# Общий раздел > Красота и здоровье > Здоровье >  Женская хитрость, или Как заставить мужчину похудеть?

## Irina

*Женская хитрость, или Как заставить мужчину похудеть?*
* 
Прекрасная половина человечества всегда стремится к совершенству, а следовательно, понимает необходимость диеты. А вот уговорить мужчину сесть на диету или вести здоровый образ жизни практически невозможно.* 

Попробуйте предложить своему любимому на завтрак мюсли, а на ужин нежирный творог и вы увидите, что он будет в недоумении. И это в лучшем случае.

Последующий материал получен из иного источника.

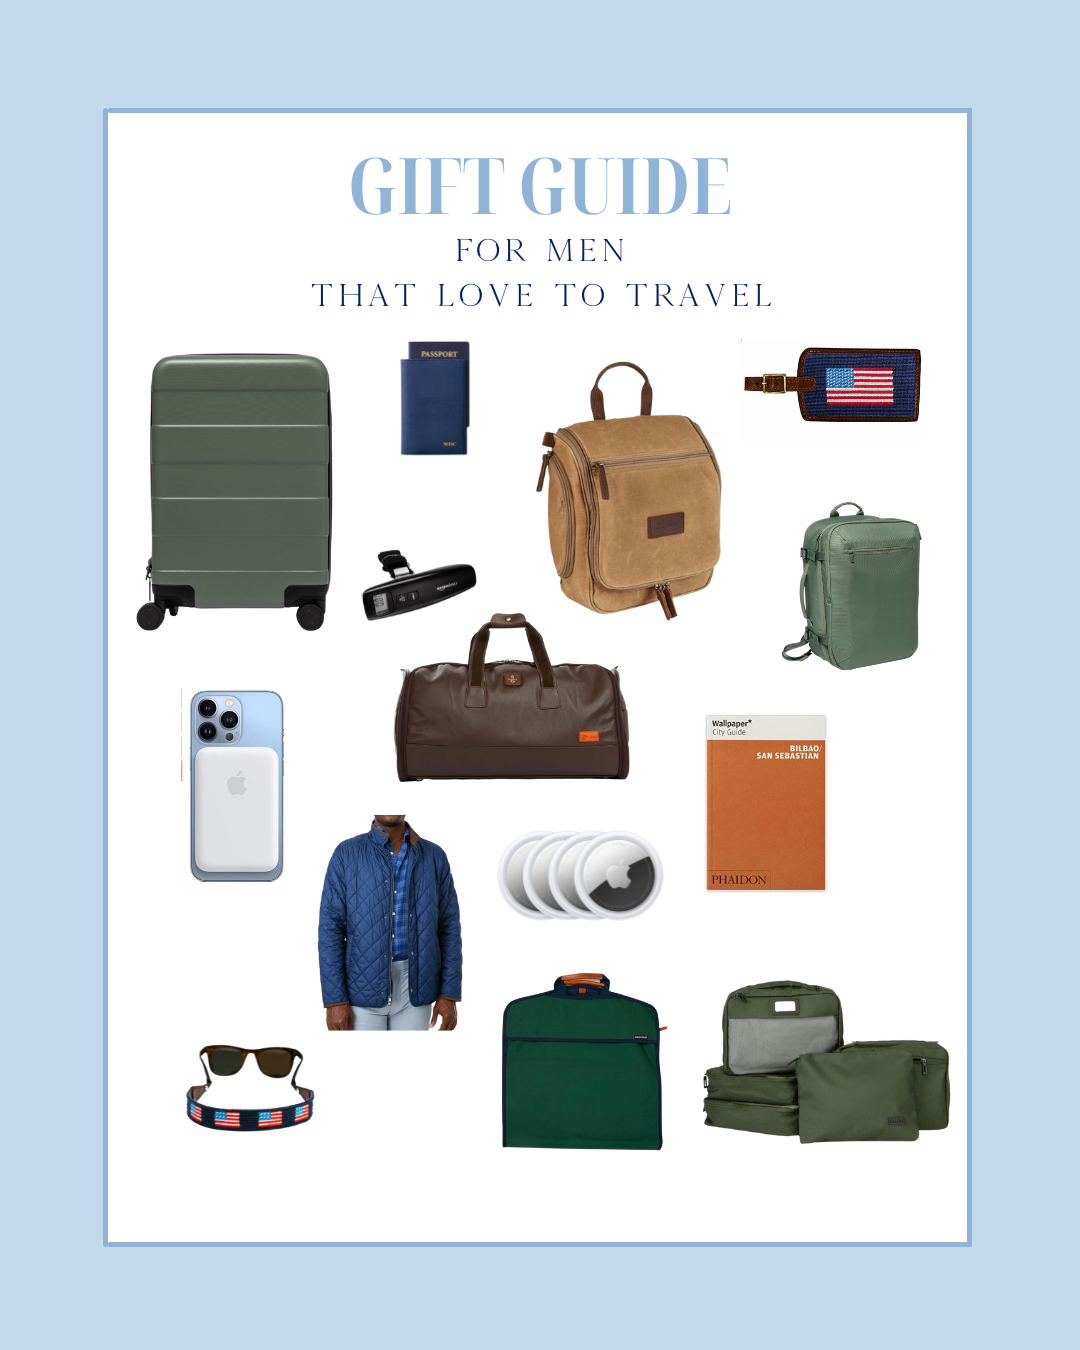 Gift guide for men that love to travel

Но так хочется, чтобы любимый был здоров и неотразим. Что же делать? Совсем необязательно говорить своему дорогому о том, что теперь он будет на диете, проще прибегнуть к маленьким хитростям.

Любой мужчина не мыслит жизни без мяса, и это правильно, ведь белок необходим. Но в ваших силах сделать мясное блюдо максимально полезным, а не только вкусным. Попробуйте не жарить мясо, а тушить или запечь в духовке.

Приготовьте такое блюдо: сложите слоями в горшочек мясо, лук, картофель, морковь, изюм, тыкву, чернослив, чеснок, капусту, посолите, добавьте воды и ложку томатного соуса – и в духовку. Можете варьировать, добавляйте другие овощи, кладите меньше мяса и больше овощей, или замените мясо рыбой.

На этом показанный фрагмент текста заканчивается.